The digital file is used as input and is transmitted to an OCR recognition module, recognition results are sequenced through an OCR post-processing module, adjacent character blocks are combined, then titles are extracted through a title extraction module, full text contents are extracted through a full text extraction module, a file name, the titles and feature sets in the full text are extracted through a feature extraction module, and finally a classification result is output through a classification module.
The OCR recognition module is constructed by using the existing mature technology, and the recognized result is a character block, wherein one character block possibly comprises one or more characters and is provided with width and height attributes, and abscissa and ordinate attributes of the center point of the character block. The OCR recognition module is divided into a detection submodule and a recognition submodule, the detection submodule detects the position and the size of a character block, and the recognition submodule recognizes the character content.
In this embodiment, taking a business license as an example, the classification of the digital files is implemented according to the following steps:
s1, recognizing the text content, the position and the character size in the business license in the picture format through the OCR recognition module, wherein the JSON format of the partial result returned by the OCR recognition module is as follows:
[
{ ' text ': ', ' top ':266, ' left ':241, ' w ':79, ' h ':24},
{ ' text ': business license ', ' top ':194, ' left ':137, ' w ':289, ' h ':69},
{ 'text': name. This is a company name of Limited, 'top':338, 'left':160, 'w':161, 'h':22},
{ ' text ': name ', ' top ':338, ' left ':98, ' w ':15, ' h ':16},
{ ' text ': unified social Credit code 912345678 ', ' top ':304, ' left ':302, ' w ':192, ' h ':16}
]。
S2, optimizing the character content in the character block through the OCR post-processing module, wherein the optimizing method comprises the following steps:
1) spaces between Chinese characters in a text block are removed.
Taking the above-mentioned license as an example, the JSON format of the processed result is as follows:
[
{ ' text ': ', ' top ':266, ' left ':241, ' w ':79, ' h ':24},
{ ' text ': business license ', ' top ':194, ' left ':137, ' w ':289, ' h ':69},
{ 'text': name. This is a company name of Limited, 'top':338, 'left':160, 'w':161, 'h':22},
{ ' text ': name ', ' top ':338, ' left ':98, ' w ':15, ' h ':16},
{ ' text ': unified social Credit code 912345678 ', ' top ':304, ' left ':302, ' w ':192, ' h ':16}
]
And S3, after optimizing the character content, sorting the results recognized by the first OCR recognition module by the OCR post-processing module, optimizing the character content and combining. The sorting method specifically comprises the following steps:
1) and sorting the OCR results according to the vertical coordinate of the central point of each recognized character block.
2) Combining results of the same row, and grouping character blocks with the same vertical coordinate into the same row.
3) In consideration of the error of several pixels possibly contained in the OCR recognition result, the difference of the vertical coordinates of the characters in 6 pixels is ignored in the process of merging the same row.
4) And sequencing the obtained OCR results of each line according to the abscissa of the result of the recognized characters.
5) Ordered OCR results are obtained consisting of top to bottom rows, each row consisting of left to right chunks of text.
Taking the above license as an example, the JSON format of the sorted result is as follows:
[
[ { ' text ': business license ', ' top ':194, ' left ':137, ' w ':289, ' h ':69} ],
[ { ' text ': ', ' top ':266, ' left ':241, ' w ':79, ' h ':24} ],
[ { ' text ': unified social credit code 912345678 ', ' top ':304, ' left ':302, ' w ':192, ' h ':16} ],
[
{ ' text ': name ', ' top ':338, ' left ':98, ' w ':15, ' h ':16},
{ 'text': name. This is a company named as "Top": 338, ` left ` 160, ` w ` 161, ` h ` 22 `
]
]
S4, after the OCR post-processing module finishes sequencing, merging the adjacent character blocks in each line through the OCR post-processing module, wherein the merging principle is as follows:
1) if the word sizes of two adjacent word blocks are consistent, they can be merged, otherwise they cannot be merged.

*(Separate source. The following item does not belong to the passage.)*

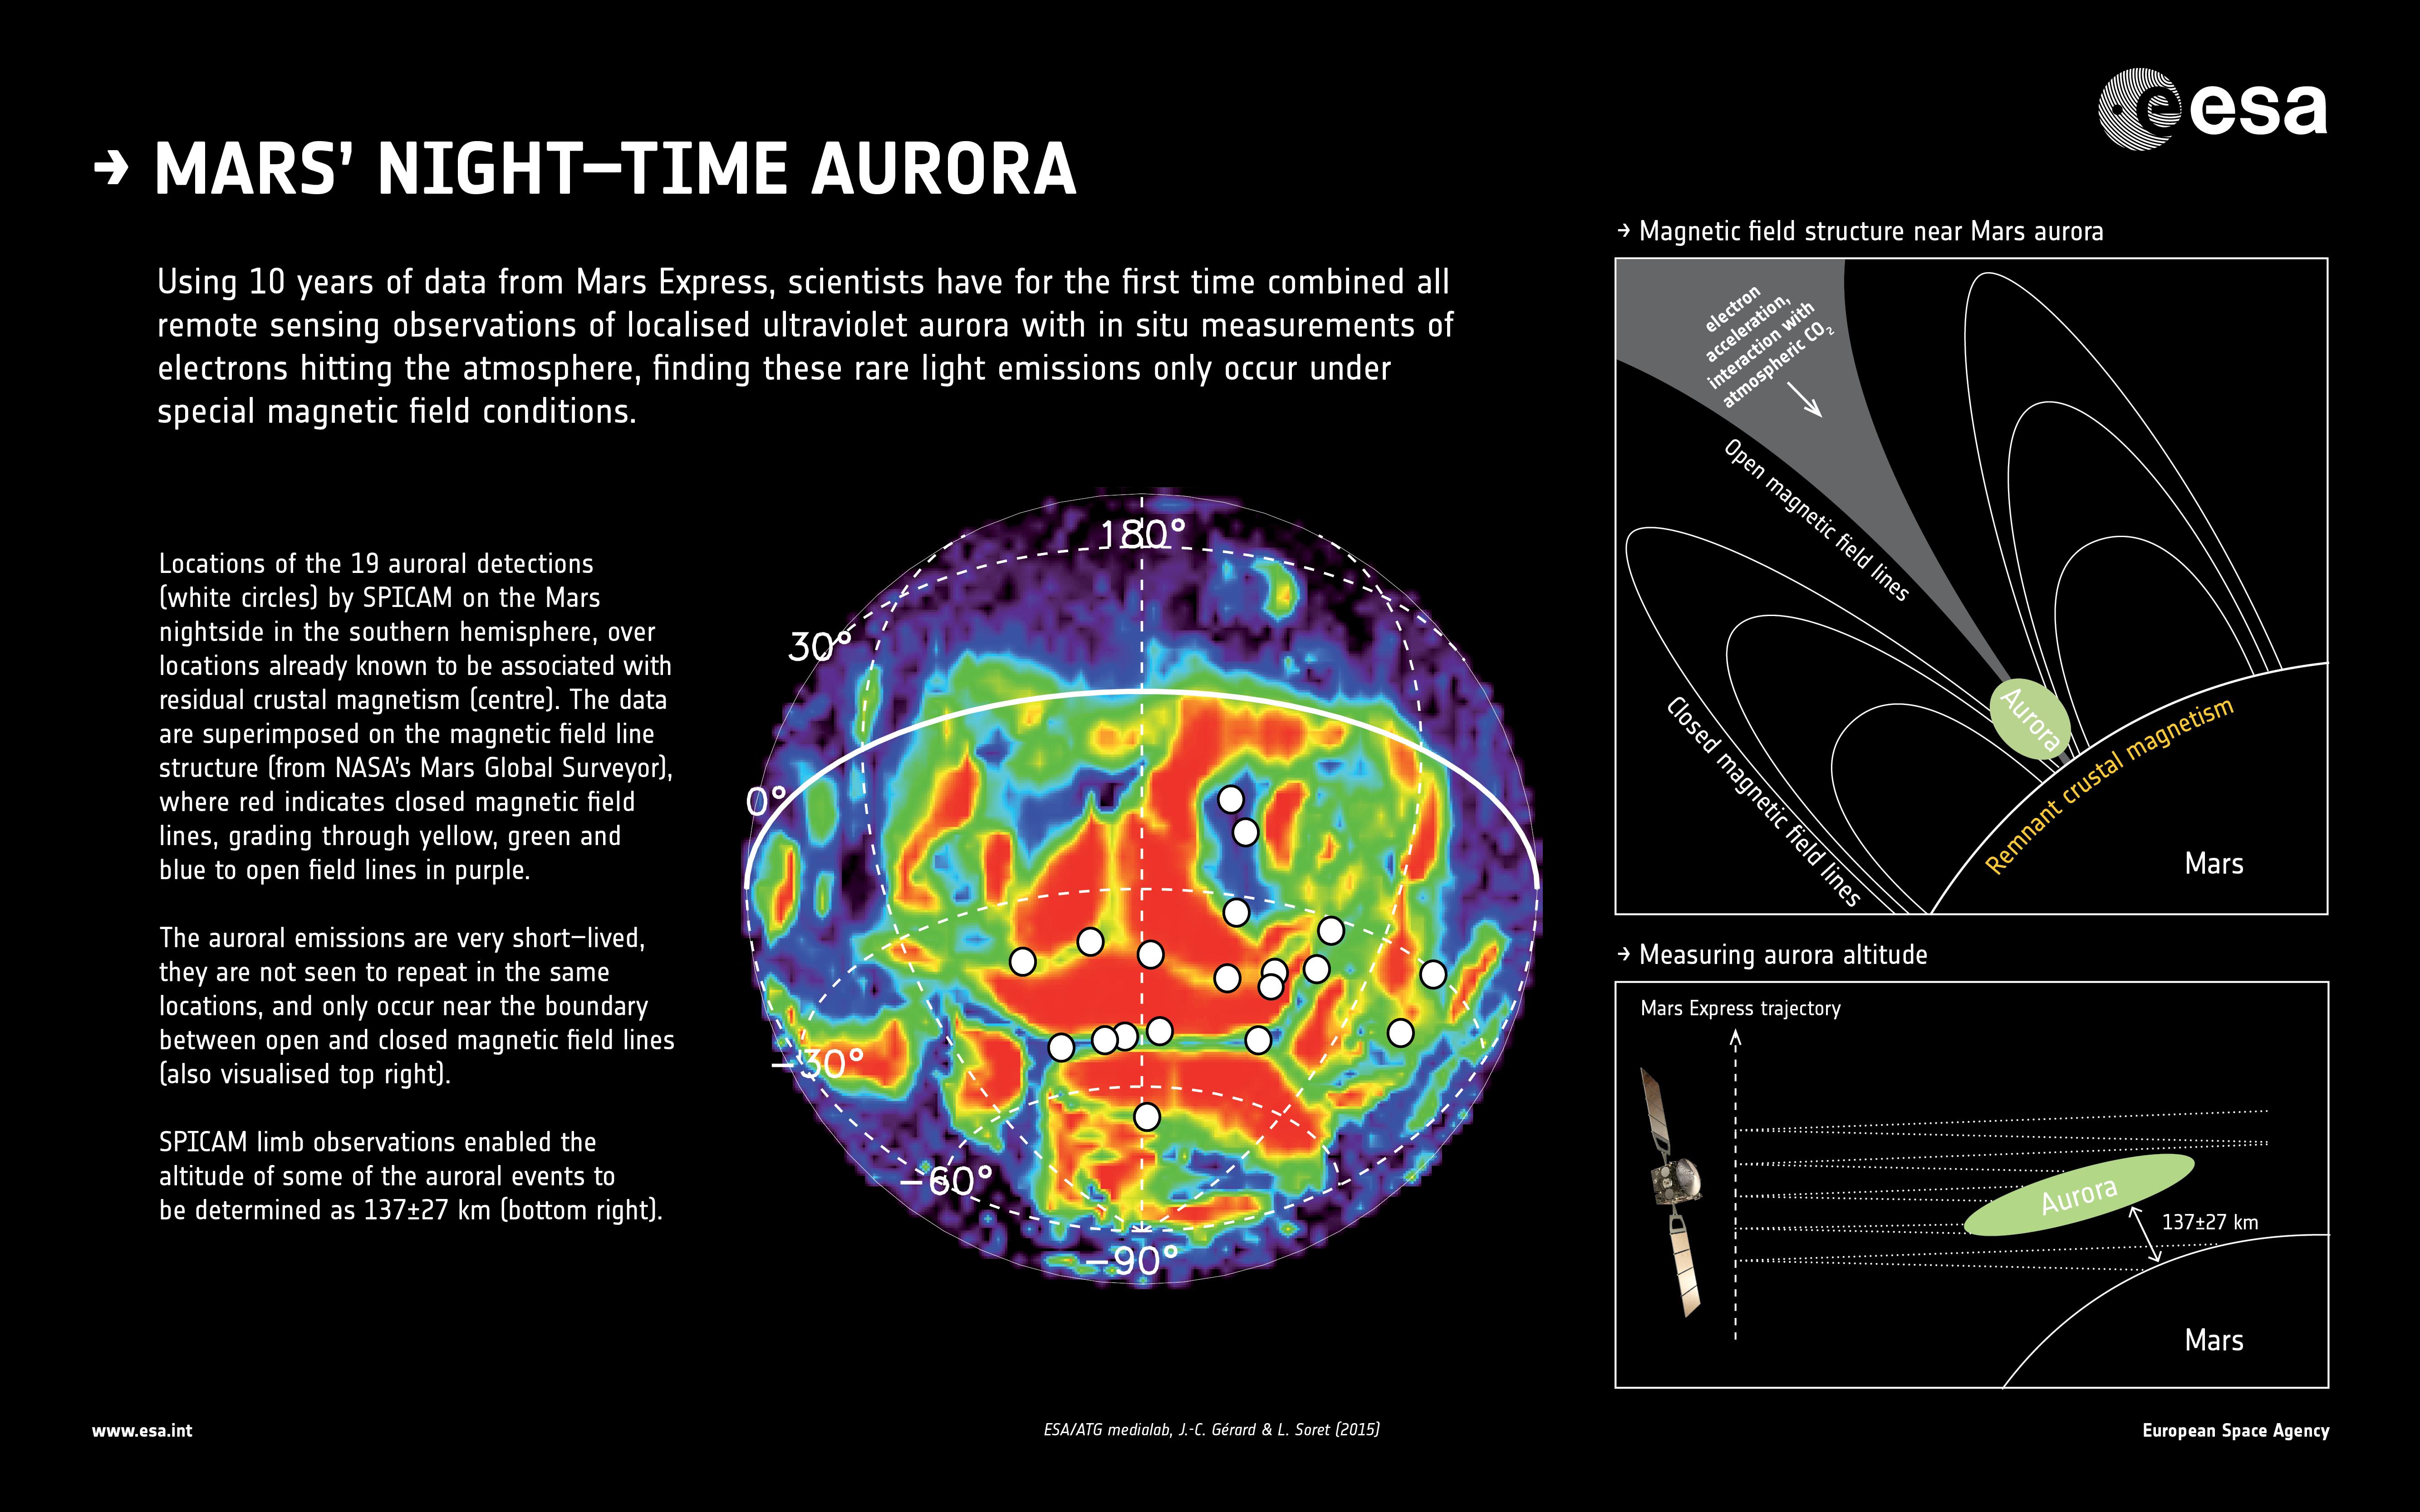 Mars_night-time_aurora

2) Considering that the result of OCR recognition may contain errors of several pixels, the text size difference within 6 pixels is ignored when comparing adjacent text blocks.
Taking the above business license as an example, the JSON format of the merged result is as follows:
[
[ { ' text ': business license ', ' top ':194, ' left ':137, ' w ':289, ' h ':69} ],
[ { ' text ': ', ' top ':266, ' left ':241, ' w ':79, ' h ':24} ],
[ { ' text ': unified social credit code 912345678 ', ' top ':304, ' left ':302, ' w ':192, ' h ':16} ],
the name { 'text': name. This is a company named as "Top" 338, ` left ` 98, ` w ` 223 ` h ` 22 `
]
And S5, the title extraction module receives the result output by the OCR post-processing module and calculates the document title. Specifically, the following method is followed:
1) and traversing the OCR results from top to bottom according to the row sequence.
2) The largest block of text in a row is found.
3) If the largest block in the next row is smaller than the largest block in the previous row, the traversal is terminated.
4) In consideration of the error that the OCR recognition result may include several pixels, the text size difference within 10% or 3 pixels is omitted in the comparison process.
5) And finding the largest character block found in the traversal process.
6) If multiple largest blocks of the same size are found during the traversal and the blocks are concatenated one above the other, the blocks may be merged.
7) The word blocks are connected up and down in the sense that the spacing between the top and bottom of the word blocks does not exceed the height of the word blocks and the abscissa center points of the word blocks are within 20 pixels of each other.
8) The text content in the largest text block is the title.
Taking the above license as an example, the extracted titles are: "Business license".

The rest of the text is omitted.